НАУЧНЫЕ ЭКСПЕРТЫ ОСУЖДАЮТ ЭТИЧЕСКУЮ СТОРОНУ РАКОВЫХ ИССЛЕДОВАНИЙ

 

Они утверждали, что, похоже, нюрнбергский кодекс не распространяется на США, где отсутствуют законы, защищающие подопытных в научных исследованиях. Журнал Science назвал происходящее «самыми жаркими публичными дебатами о медицинской этике со времен Нюрнбергского процесса». В журнале говорилось: «Нынешняя ситуация представляется скорее опасной для любого человека». Репортер Science спросил Саутэма, почему он не делал инъекции себе самому, если они были такими безвредными, как он клятвенно утверждал.

«Давайте посмотрим правде в глаза, — ответил Саутэм. — Квалифицированных исследователей рака достаточно мало, и явно глупым было бы идти даже на малый риск».

Пациенты, без их ведома получившие от Саутэма инъекции раковых клеток, прочли статьи и начали связываться с журналистами. Генеральный прокурор штата Нью-Йорк Луи Лефковиц, как и многие, узнал об исследовании Саутэма из СМИ и немедленно начал свое собственное расследование. В пятистраничном документе, полном восклицательных знаков, он обвинил Саутэма и Манделя в мошенничестве и непрофессиональном поведении, а также потребовал, чтобы попечительский совет Нью-Йоркского университета аннулировал их медицинские лицензии. Лефковиц писал: «Каждое человеческое существо имеет неотчуждаемое право решать, что будут делать с его собственным телом.

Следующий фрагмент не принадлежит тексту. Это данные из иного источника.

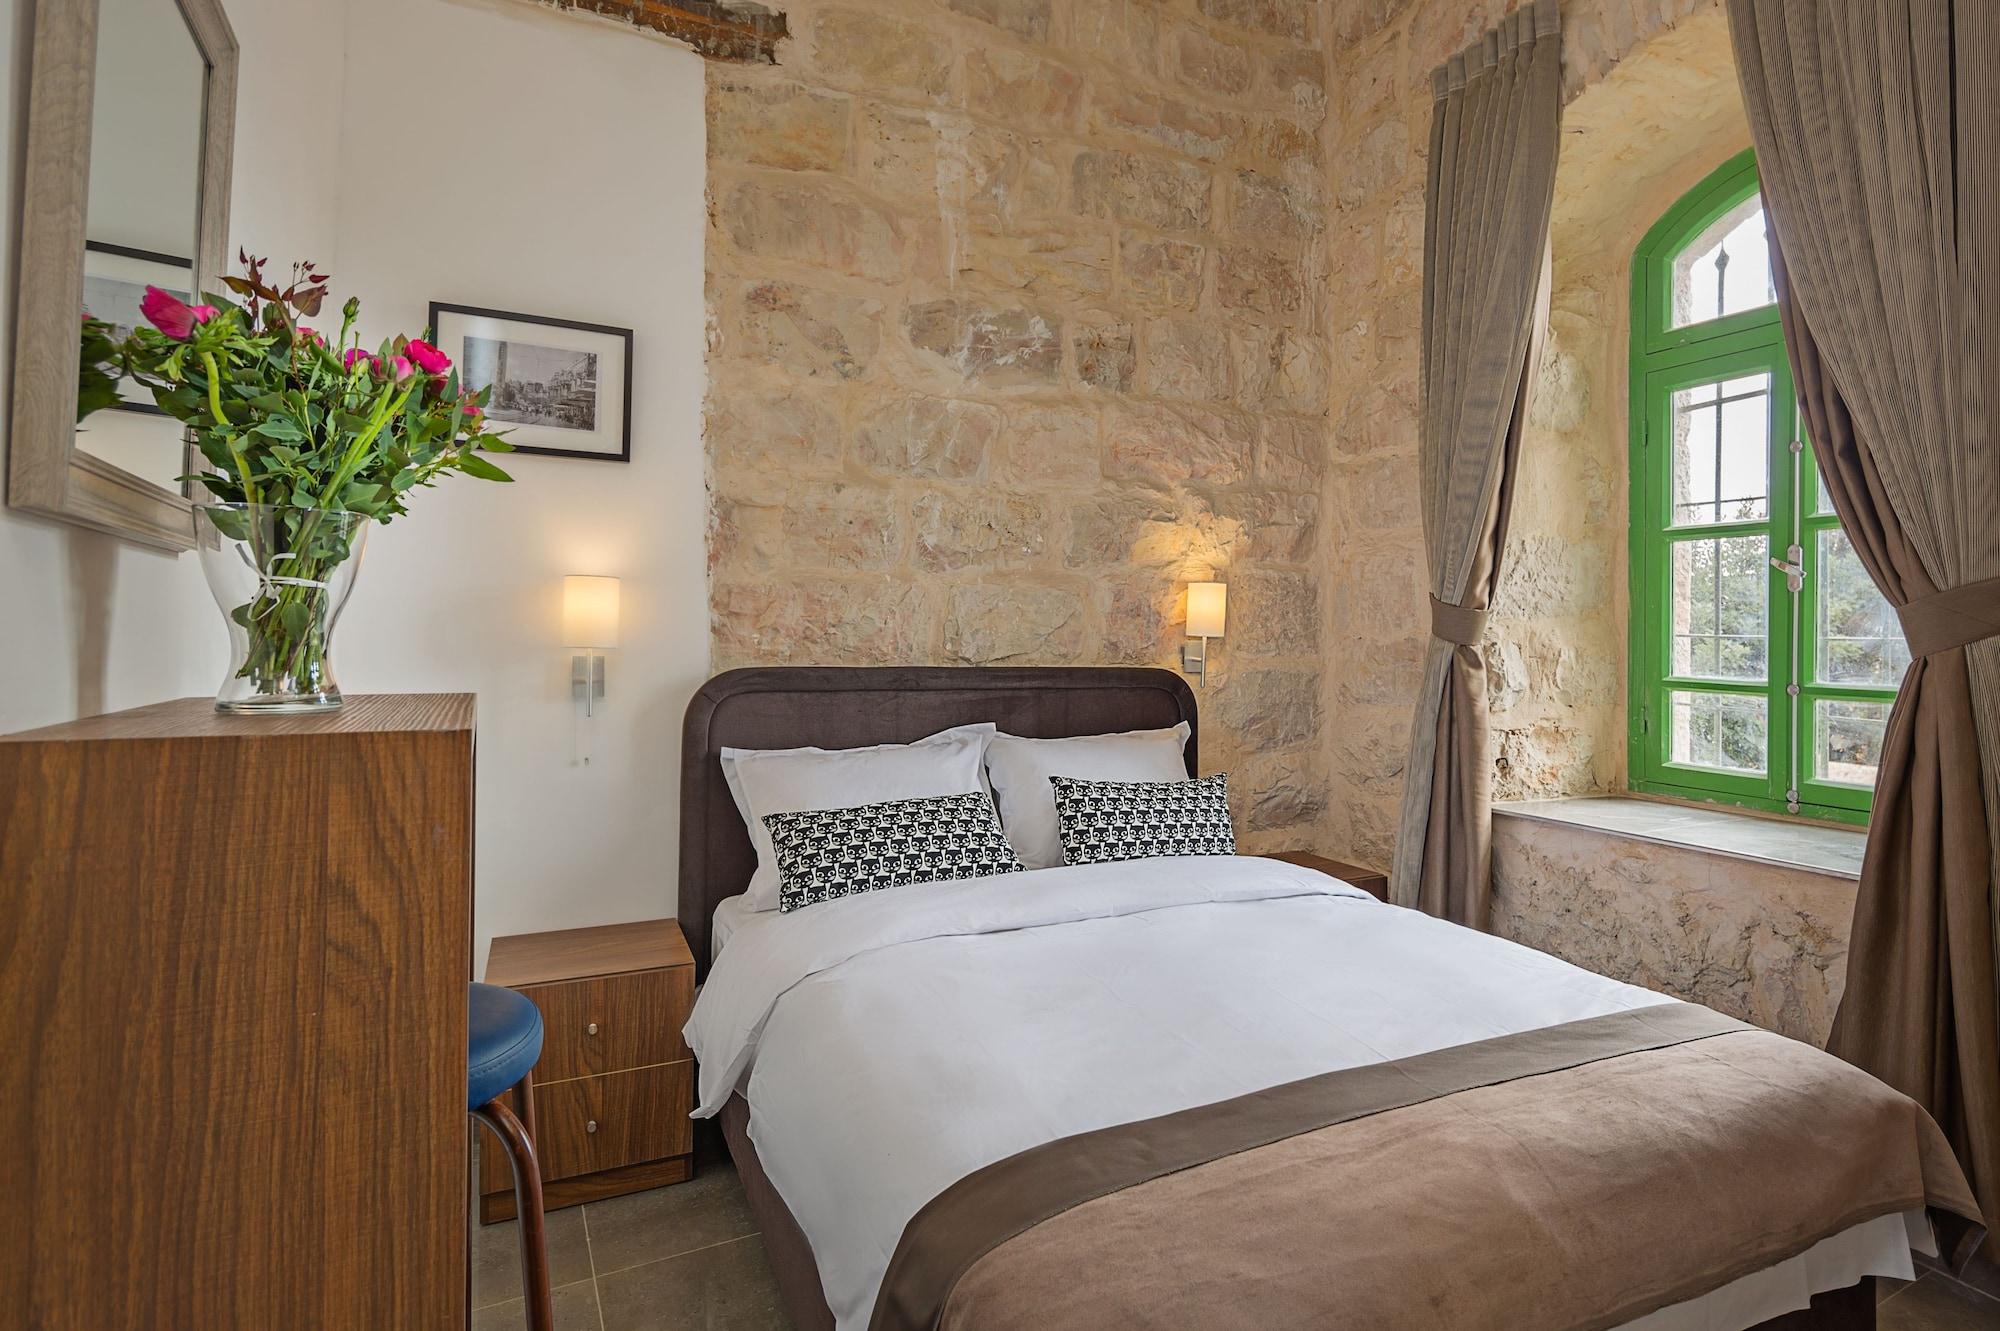 Hotel Malka, Jerusalem

Поэтому эти пациенты имели право знать… о содержимом шприца, а если это знание вызвало бы у них страх и беспокойство или испугало бы их, они имели право устрашиться и испугаться и соответственно отказаться от участия в эксперименте».

Многие врачи свидетельствовали в пользу Саутэма перед попечительским советом и СМИ, говоря, что они десятки лет проводили похожие исследования. Они доказывали, что не было необходимости открывать подопытным всю информацию об исследовании или получать их согласие во всех случаях, и поэтому поведение Саутэма считалось этичным. Адвокат Саутэма заявлял: «Если все — профессионалы в данной области поступают так же, то как вы можете называть это непрофессиональным поведением?»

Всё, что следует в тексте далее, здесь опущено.